— Не все же умеют играть в шахматы, — с приятной улыбкой сказал Палму.
— Это верно, женщины в шахматы играют неважно, — согласился врач. — Но майор Ваденблик совершенно неправильно обращался со своей женой. Психологически неверно: бил по лицу, насильно укладывал в постель, запирал шкафы, прятал бутылки. С алког… с дипсоманией таким способом бороться бесполезно. Это болезнь. И обычно наследственная. Горный советник Мелконен… — Он осекся на середине фразы и хлопнул себя по губам. — Н-да, это к нашему разговору не имеет прямого отношения, но господин Мелконен просил меня быть с вами предельно откровенным. Так вот: горный советник Мелконен временами тоже предавался этой слабости. Выпускал пар, как он выражался. Устраивал заранее все свои дела так, чтобы его на уик-энде никто не беспокоил. При этом никаких скандальных историй! Он просто снимал номер в первоклассном отеле, в шерстяных носках забирался на постель и выпивал зараз четыре бутылки коньяку. Потом, конечно, мучился тяжелым похмельем, но напряжение снимал. Все-таки на нем лежал непомерный груз — ответственности я имею в виду, а дети его, увы, мало радовали. Второй брак… впрочем, это уже определенно не имеет отношения к теме нашего разговора. Достаточно сказать, что его вторая жена, мать Анникки, была женщиной скверной и злобной. Полной противоположностью первой жены — матери Аарне и Майре. Та была чудесная.
— Значит, вы полагаете, что Анникка была недобрым человеком? — вмешался я. — То есть с точки зрения наследственности, по материнской линии?
Доктор покачал головой.
— Не стоит преувеличивать, — предостерег он. — Недоброта недоброте рознь, смотря с чем сравнивать. Да, по сравнению с Майре Анникка была недоброй, но зато рядом с майором это был мягкий воск. Вообще наследственную предрасположенность можно уподобить фундаменту, на котором человек сам возводит свое здание.
— Фундамент, — сказал Палму, медленно поднимаясь с застывшим взглядом, словно ему стало плохо. — Доктор, дайте мне сердечное, скорее!
— Это переутомление! — озабоченно сказал я. — Недосыпание, нерегулярное питание… Бич нашей полицейской жизни.
Но доктор уже держал наготове таблетку и наливал из графина воду, поглядывая на Палму профессиональным взглядом.
— Ничего серьезного, — заверил он, опытной рукой нащупав пульс. — Я сам принимаю эти таблетки. Я с удовольствием послушаю и осмотрю комиссара, если он пожелает. За счет компании, разумеется.
Но Палму не пожелал.
— Уже все прошло, — вдруг заявил он сердитым тоном и вырвал у врача руку. — Мы и так задержали вас слишком долго. Ваши пациенты уже выстроились в очередь в приемной.

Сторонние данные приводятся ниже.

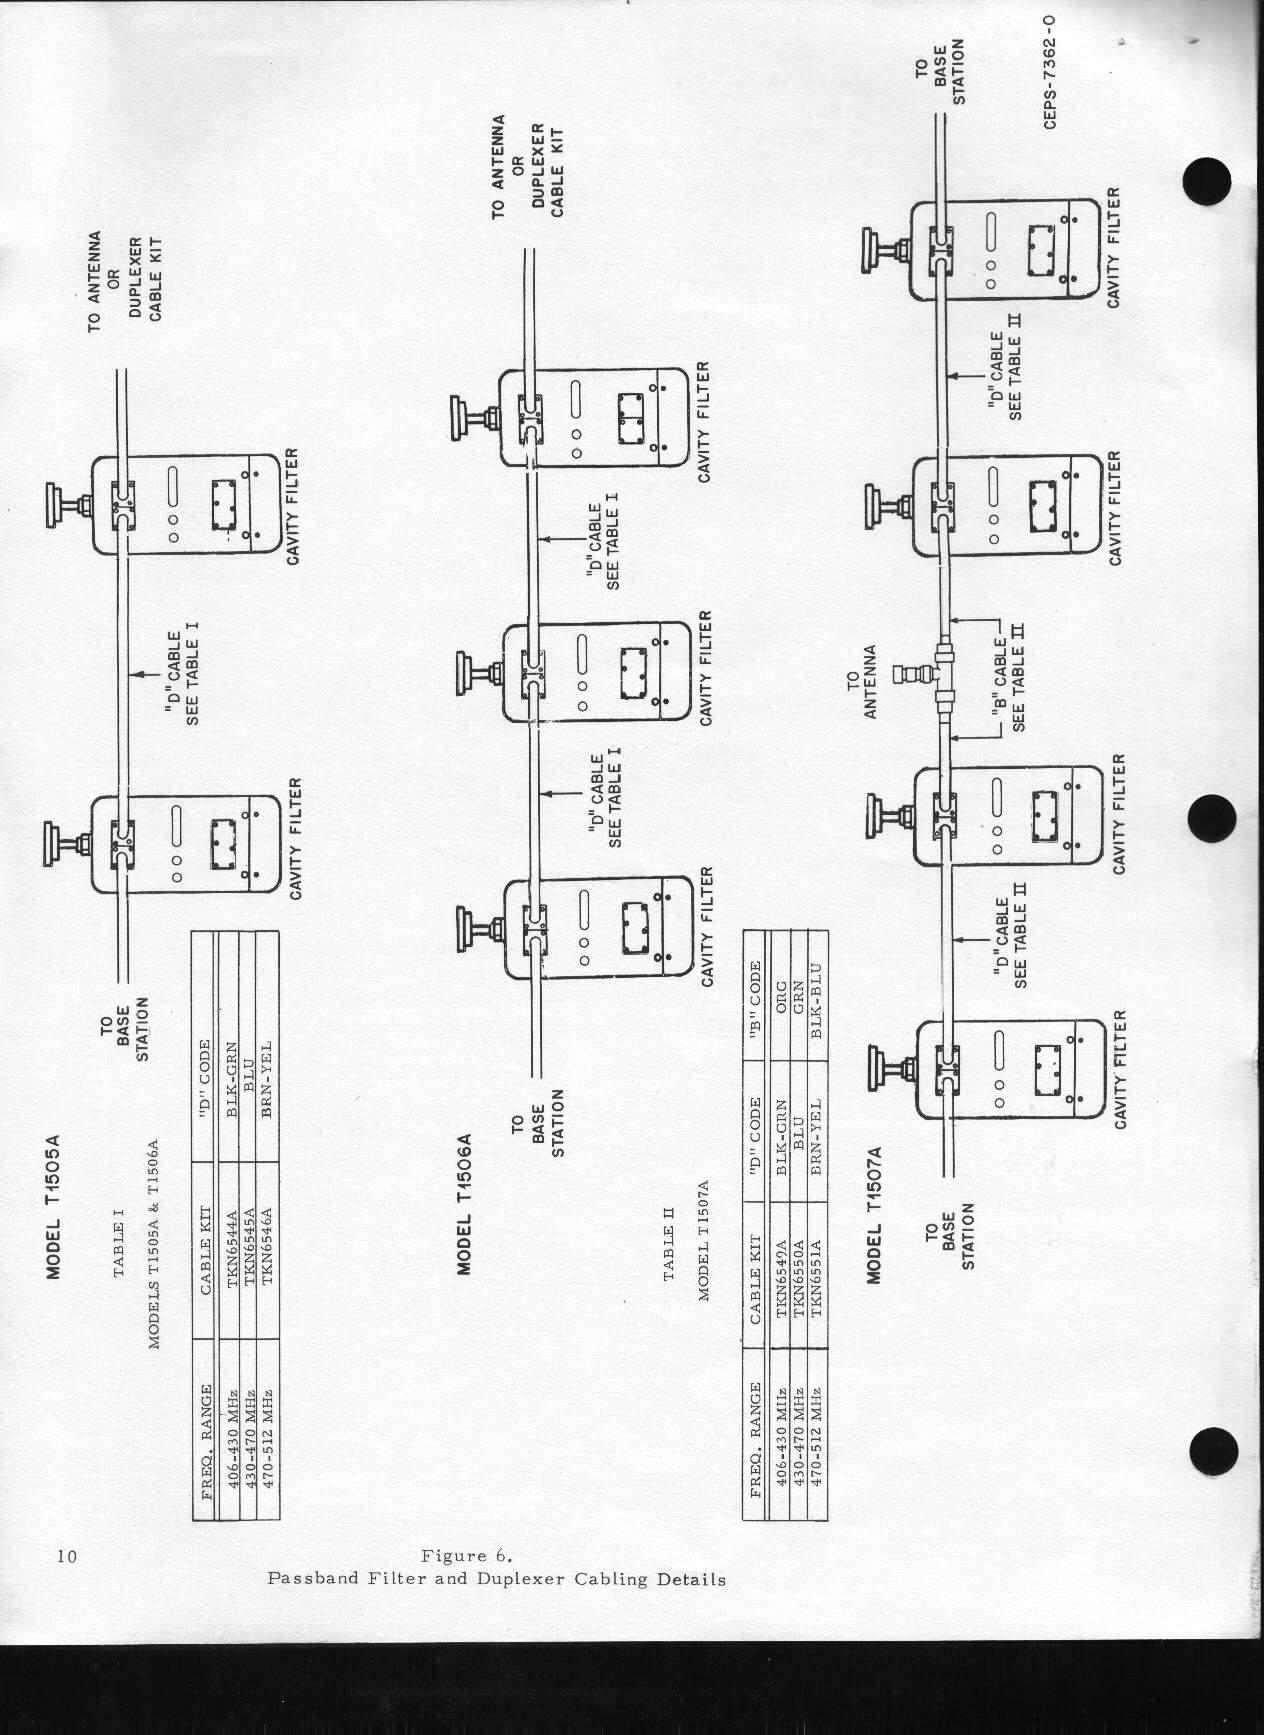 Motorola® T1500 Duplexer / Cavity Filter information
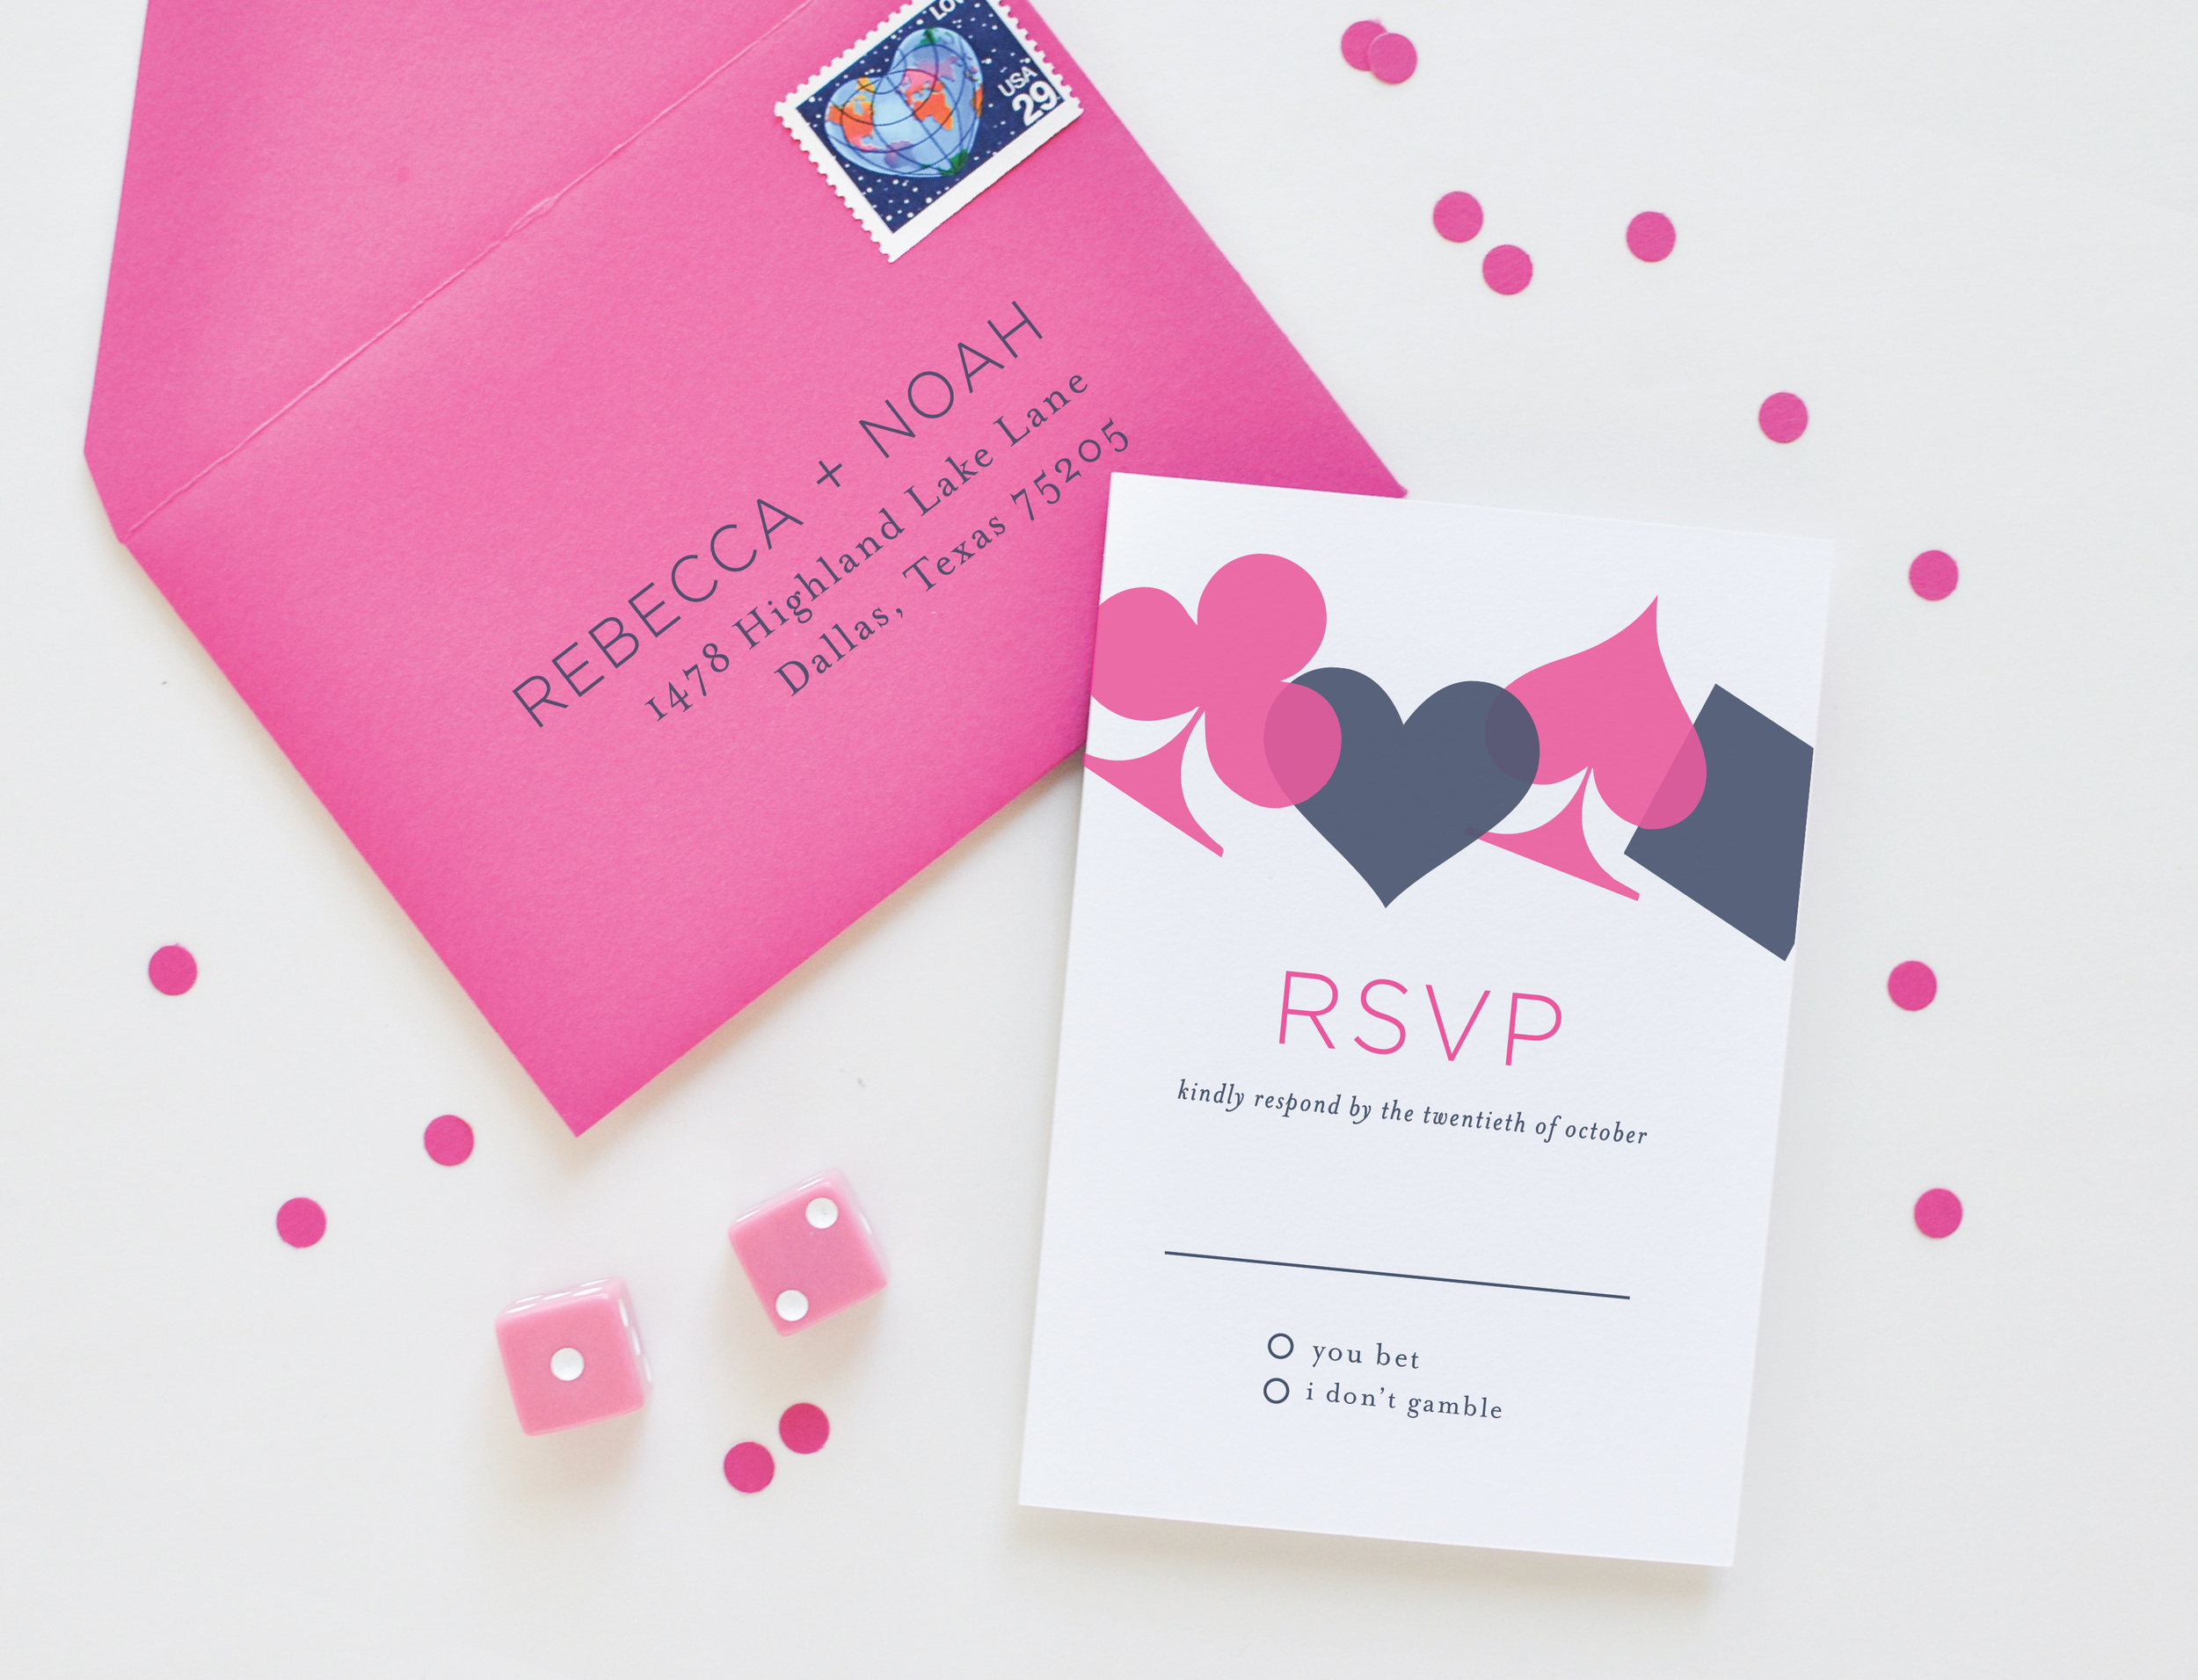 Vegas_Casino Wedding Invitation3-01.jpg

Мы поблагодарили врача и ретировались…
О нашем расследовании мне осталось рассказать совсем немного. Прошла неделя, но все шаги, предпринятые в разных направлениях, не дали результатов. Плюс минус ноль. Если сначала нам сопутствовала удача, то конец ознаменовался решительным невезением. За что бы мы ни брались, всюду упирались в глухую стену.
Да, мы выяснили, что майор Ваденблик взял в долг деньги под будущий капитал. Много денег, на восстановление поместья. А девятого сентября взял в долг еще три с половиной миллиона, наличными. Впрочем, в этом ничего странного не было: он и раньше скупал земли вокруг своего имения, а деревенские жители, как известно, предпочитают иметь дело с живыми деньгами, а не с направлениями в кооперативную кассу. Или в местный сберегательный банк… Далее мы узнали, что в банках не имеют обыкновения записывать номера выдаваемых банкнотов, разве что в случае крайней необходимости. Просто не успевают. У кассиров других забот хватает… Вот такая ерунда!
Поэтому когда старик Нордберг в одночасье перевел на счет строительной фирмы два миллиона, а еще один миллион положил на книжку, объясняя все это выигрышем в денежной лотерее, в филиале банка и глазом не моргнули. Напротив, очень даже порадовались за такого приятного человека, всегда доброжелательного и обходительного. Тем более что господин Нордберг составил когда-то гороскоп и кассирше и предупредил ее о грозящей опасности: она успела дать знать в центральную контору о чеке на необычайно крупную сумму, выписанном в какой-то лесопильной компании. Человек, предъявивший чек, успел улизнуть, но факт подлога был установлен… Я рассказываю все это только для того, чтобы объяснить, почему кассирше не могло прийти в голову записать номера купюр.